How to Perform Quadratic Regression on a TI-84 Calculator Easily

Understanding the Fundamentals of Quadratic Regression

In the realm of statistical modeling, quadratic regression serves as a sophisticated analytical tool designed to identify the mathematical relationship between a dependent variable and an independent variable when that relationship is non-linear. Unlike simple linear regression, which assumes a constant rate of change represented by a straight line, quadratic regression accounts for data that follows a parabola. This method is particularly effective when the data points demonstrate a “U” or an inverted “U” shape, indicating that the response variable increases or decreases to a certain point before reversing its trajectory.

The mathematical foundation of this method relies on the quadratic function, which is generally expressed as y = ax² + bx + c. In this equation, y represents the predicted value, x is the explanatory variable, and a, b, and c are regression coefficients that define the shape and position of the curve. The coefficient a is especially critical, as it determines the direction of the opening of the parabola and the degree of its curvature. If a is positive, the curve opens upward; if negative, it opens downward.

Performing these calculations manually can be incredibly labor-intensive, involving complex matrix algebra and least squares estimations. However, the TI-84 calculator provides a streamlined, user-friendly interface to execute these operations with high precision. By leveraging the built-in computational algorithms of the TI-84, researchers and students can quickly transform raw data into a functional predictive model, allowing for deeper insights into the underlying patterns of the dataset.

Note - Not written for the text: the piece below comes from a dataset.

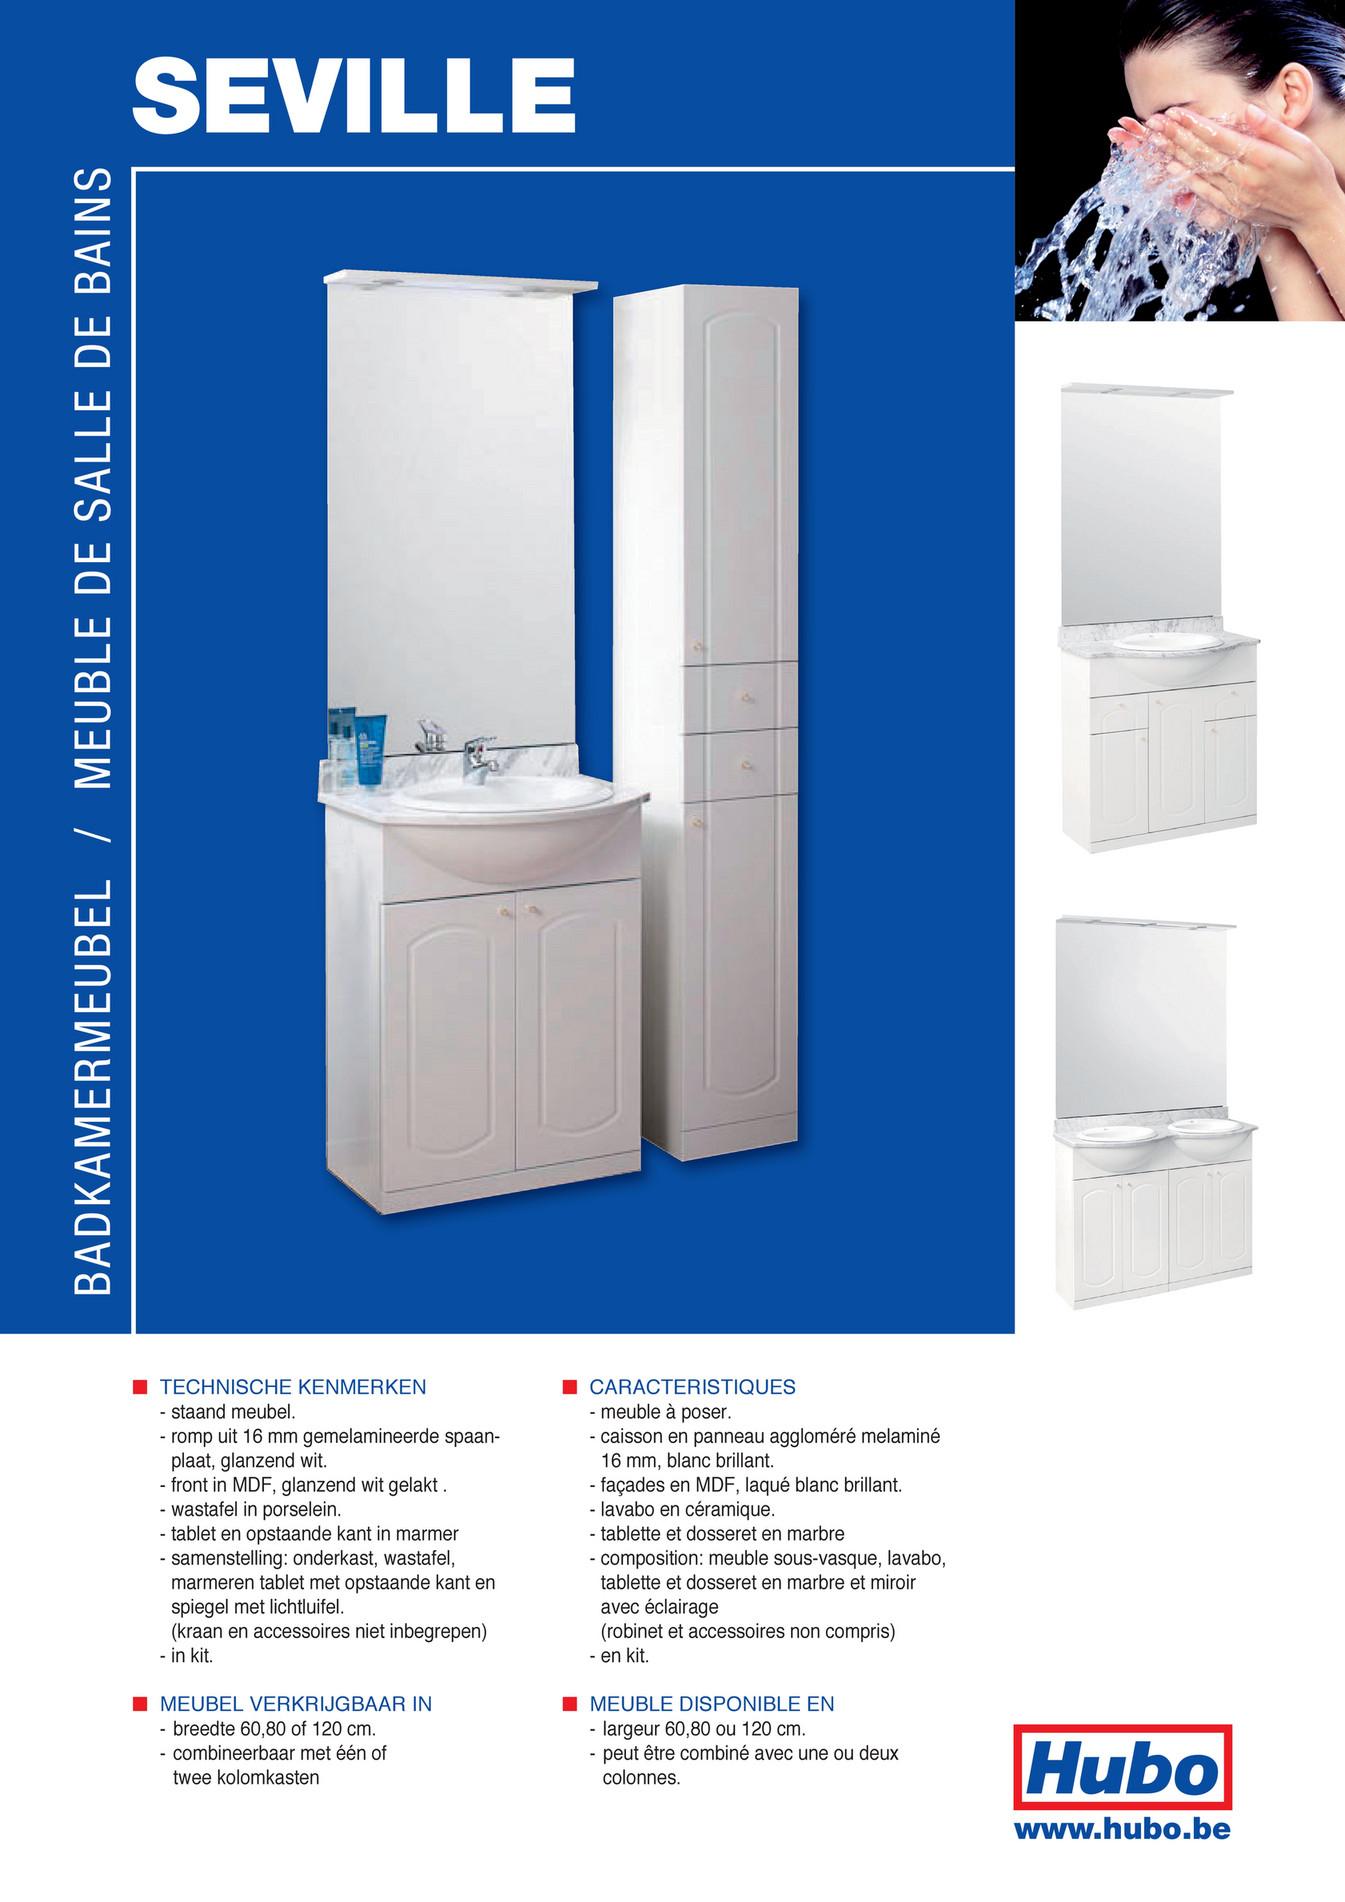 Tablette Salle De Bain 80 Cm hubo catalogue - meuble de salle de bains seville - page 2

Distinguishing Between Linear and Quadratic Relationships

Before initiating the technical steps on a calculator, it is vital to understand when to apply quadratic regression over other forms of regression analysis. In many real-world scenarios, variables do not interact in a strictly linear fashion. For instance, the relationship between a person’s age and their physical strength, or the relationship between a car’s speed and its fuel efficiency, often follows a curvilinear path. Recognizing these patterns is the first step toward accurate data analysis.

When two variables have a linear relationship, we can often use linear regression to quantify their relationship. This model assumes that for every unit increase in the independent variable, there is a consistent, fixed change in the dependent variable. Visually, this is represented by a line of best fit that passes through the center of the data clusters. However, applying a linear model to quadratic data would result in significant residual errors and an inaccurate representation of the trend.

Example of linear relationship

However, when two variables have a quadratic relationship, we can instead use quadratic regression to quantify their relationship. This approach is superior for datasets where the rate of change is not constant. By fitting a polynomial of the second degree, the model can capture the “peak” or “valley” of the data, providing a much higher degree of accuracy in both description and forecasting. This tutorial explains how to perform quadratic regression on a TI-84 Calculator, ensuring you can navigate these complex statistical tasks with ease.

Example of quadratic relationship

Practical Application: A Study on Hours Worked and Happiness

To illustrate the power of this statistical method, let us consider a practical example involving social science research. Suppose we are interested in understanding the relationship between the number of hours an individual works per week and their self-reported happiness levels. Intuitively, one might assume that working too few hours leads to financial stress, while working too many hours leads to burnout. This suggests a non-linear relationship where happiness peaks at a moderate amount of work.

In this hypothetical study, we have collected data on the number of hours worked per week and the reported happiness level (on a scale of 0-100) for 11 different people. The independent variable (x) is the hours worked, and the dependent variable (y) is the happiness score. To determine the most effective mathematical model, we will use the computational capabilities of the TI-84 to find the curve of best fit.

By following the subsequent steps, you will learn how to input this data, visualize it through a scatterplot, and calculate the regression equation. This process is essential for anyone engaged in quantitative research or advanced mathematics, as it provides a structured methodology for interpreting complex behavioral data through the lens of quadratic modeling.

Step 1: Data Entry and Exploratory Visualization

Before we can use quadratic regression, we need to make sure that the relationship between the explanatory variable (hours) and response variable (happiness) is actually quadratic. This preliminary phase is known as exploratory data analysis. Visualization allows the researcher to detect outliers, observe the general shape of the data, and confirm that a second-degree polynomial is the appropriate choice for the model.

First, we will input the data values for both the explanatory and the response variable into the calculator’s list memory. Press the [Stat] button and then select the EDIT option. This will open the spreadsheet interface of the TI-84. Enter the following values for the explanatory variable (hours worked) in column L1 and the values for the response variable (happiness) in column L2. Ensure that each pair of data points corresponds correctly across the rows to maintain data integrity.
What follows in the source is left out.